Kullback-Leibler (KL) divergence

  • Let’s consider a parameterized discrete distribution X_\theta and a discrete target distribution T.

  • The KL divergence between the two distributions is:

\text{KL}(T || X_\theta) = \mathbb{E}_{t \sim T} [- \log \, \frac{X_\theta}{T}]

  • It can be rewritten as the sum of the cross-entropy and the entropy of T:

\text{KL}(X_\theta || T) = \mathbb{E}_{t \sim T} [- \log \, X_\theta + \log T] = H(X_\theta, T) - H(T)

  • As T does not depend on \theta, the gradient of the KL divergence w.r.t to \theta is the same as the gradient of the cross-entropy.

\nabla_\theta \, \text{KL}(X_\theta || T) = \mathbb{E}_{t \sim T} [- \nabla_\theta \, \log \, X_\theta]

  • Minimizing the KL divergence is the same as minimizing the cross-entropy.

  • Neural networks with a softmax output layer and the cross-entropy loss function can do that.

Cross-entropy

  • In supervised learning, the targets \mathbf{t} are fixed one-hot encoded vectors.

\mathcal{L}(\theta) = \mathbb{E}_{\mathcal{D}} [ - \mathbf{t} \, \log \mathbf{y} ]

  • But it could be any target distribution, as long as \mathbf{t} and \mathbf{y} share the same support.

Reminder: DQN

  • Initialize value network Q_{\theta} and target network Q_{\theta'}.

  • Initialize experience replay memory \mathcal{D} of maximal size N.

  • for t \in [0, T_\text{total}]:

    • Select an action a_t based on Q_\theta(s_t, a), observe s_{t+1} and r_{t+1}.

    • Store (s_t, a_t, r_{t+1}, s_{t+1}) in the experience replay memory.

    • Every T_\text{train} steps:

      • Sample a minibatch \mathcal{D}_s randomly from \mathcal{D}.

      • For each transition (s_k, a_k, r_k, s'_k) in the minibatch:

        • Compute the target value t_k = r_k + \gamma \, \max_{a'} Q_{\theta'}(s'_k, a') using the target network.
      • Update the value network Q_{\theta} on \mathcal{D}_s to minimize:

      \mathcal{L}(\theta) = \mathbb{E}_{\mathcal{D}_s}[(t_k - Q_\theta(s_k, a_k))^2]

    • Every T_\text{target} steps:

      • Update target network: \theta' \leftarrow \theta.

Categorical DQN

  • Initialize distributional value network Z_{\theta} and target network Z_{\theta'}, experience replay memory \mathcal{D}.

  • Every T_\text{train} steps:

    • Sample a minibatch \mathcal{D}_s randomly from \mathcal{D}.

    • For each transition (s_k, a_k, r_k, s'_k) in the minibatch:

      • Select the greedy action in the next state using the target network:

      a'_k = \text{argmax}_a \, \mathbb{E}[Z_{\theta'}(s'_k, a)]

      • Apply the Bellman operator on the distribution of the next greedy action:

      TZ_k = r_k + \gamma \, Z_{\theta'}(s'_k, a'_k)

      • Project this distribution to the support of Z_\theta(s_k, a_k).

      \mathbf{t}_k = \text{Projection}(TZ_k, Z_\theta(s_k, a_k))

    • Update the value network Q_{\theta} on \mathcal{D}_s to minimize the cross-entropy:

    \mathcal{L}(\theta) = \mathbb{E}_{\mathcal{D}_s}[ - \mathbf{t}_k \, \log Z_\theta(s_k, a_k)]

Categorical DQN

Categorical DQN

Categorical DQN

  • Having the full distribution of returns allow to deal with uncertainty.

  • For certain actions in critical states, one could get a high return (killing an enemy) or no return (death).

  • The distribution reflects that the agent is not certain of the goodness of the action.
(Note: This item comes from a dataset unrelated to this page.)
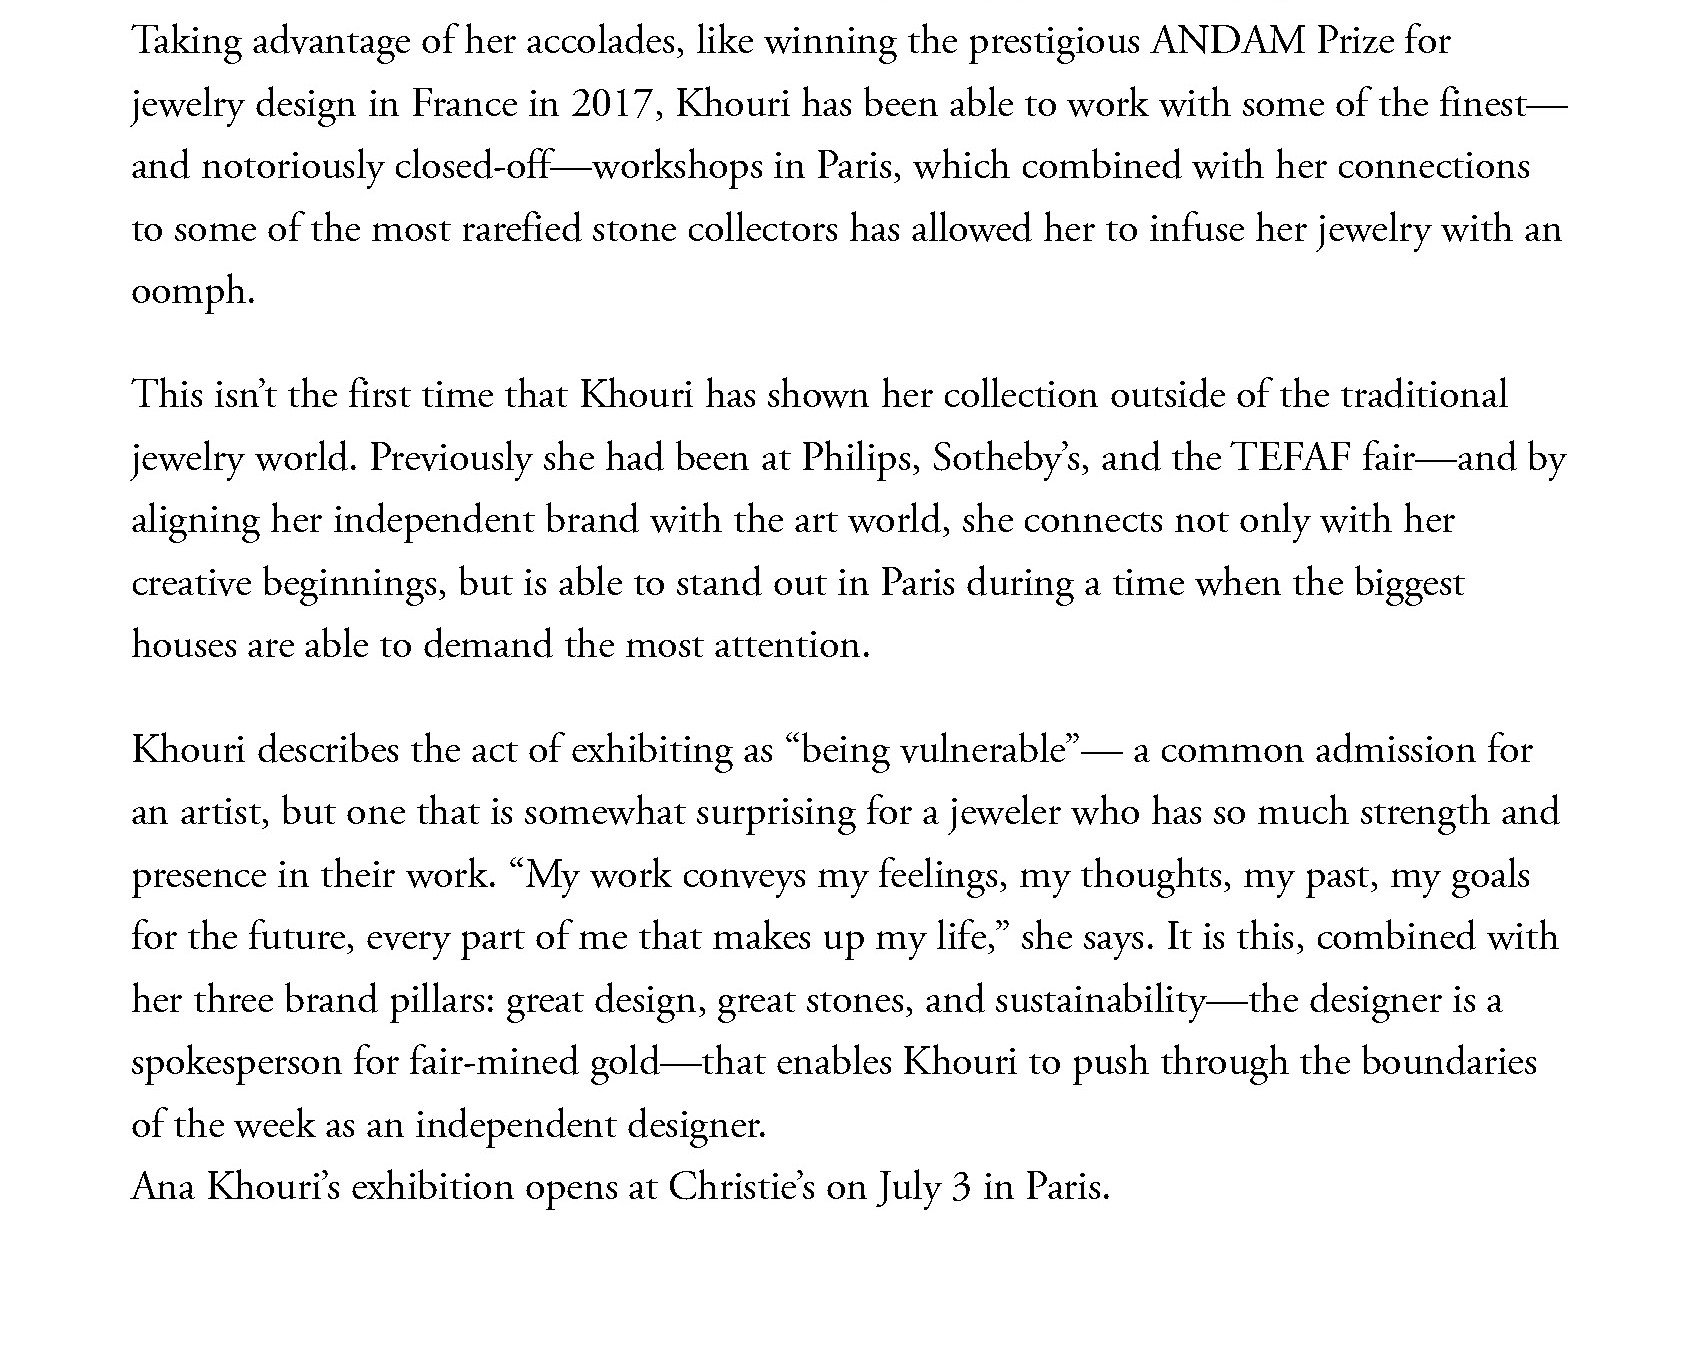 Vogue.com July 2023 Ana Khouri at Christie's Paris 3.jpg

Expectations would not provide this information.

Source: https://deepmind.com/blog/article/going-beyond-average-reinforcement-learning

Categorical DQN

Categorical DQN

Categorical DQN

Categorical DQN

Other variants of distributional learning

  • QR-DQN: Dabney, W., Rowland, M., Bellemare, M. G., and Munos, R. (2017). Distributional Reinforcement Learning with Quantile Regression. arXiv:1710.10044

  • IQN: Dabney, W., Ostrovski, G., Silver, D., and Munos, R. (2018). Implicit Quantile Networks for Distributional Reinforcement Learning. arXiv:1806.06923.

  • The Reactor: Gruslys, A., Dabney, W., Azar, M. G., Piot, B., Bellemare, M., and Munos, R. (2017). The Reactor: A fast and sample-efficient Actor-Critic agent for Reinforcement Learning. arXiv:1704.04651.

2 - Noisy DQN

Noisy DQN

  • DQN and its variants rely on \epsilon-greedy action selection over the Q-values to explore.

  • The exploration parameter \epsilon is annealed during training to reach a final minimal value.

  • It is preferred to softmax action selection, where \tau scales with the unknown Q-values.

  • The problem is that it is a global exploration mechanism: well-learned states do not need as much exploration as poorly explored ones.

Source: https://www.researchgate.net/publication/334741451/figure/fig2/AS:786038515589120@1564417594220/Epsilon-greedy-method-At-each-step-a-random-number-is-generated-by-the-model-If-the_W640.jpg

Noisy DQN

  • \epsilon-greedy and softmax add exploratory noise to the output of DQN:

    • The Q-values predict a greedy action, but another action is taken.
  • What about adding noise to the parameters (weights and biases) of the DQN, what would change the greedy action everytime?

  • Controlling the level of noise inside the neural network indirectly controls the exploration level.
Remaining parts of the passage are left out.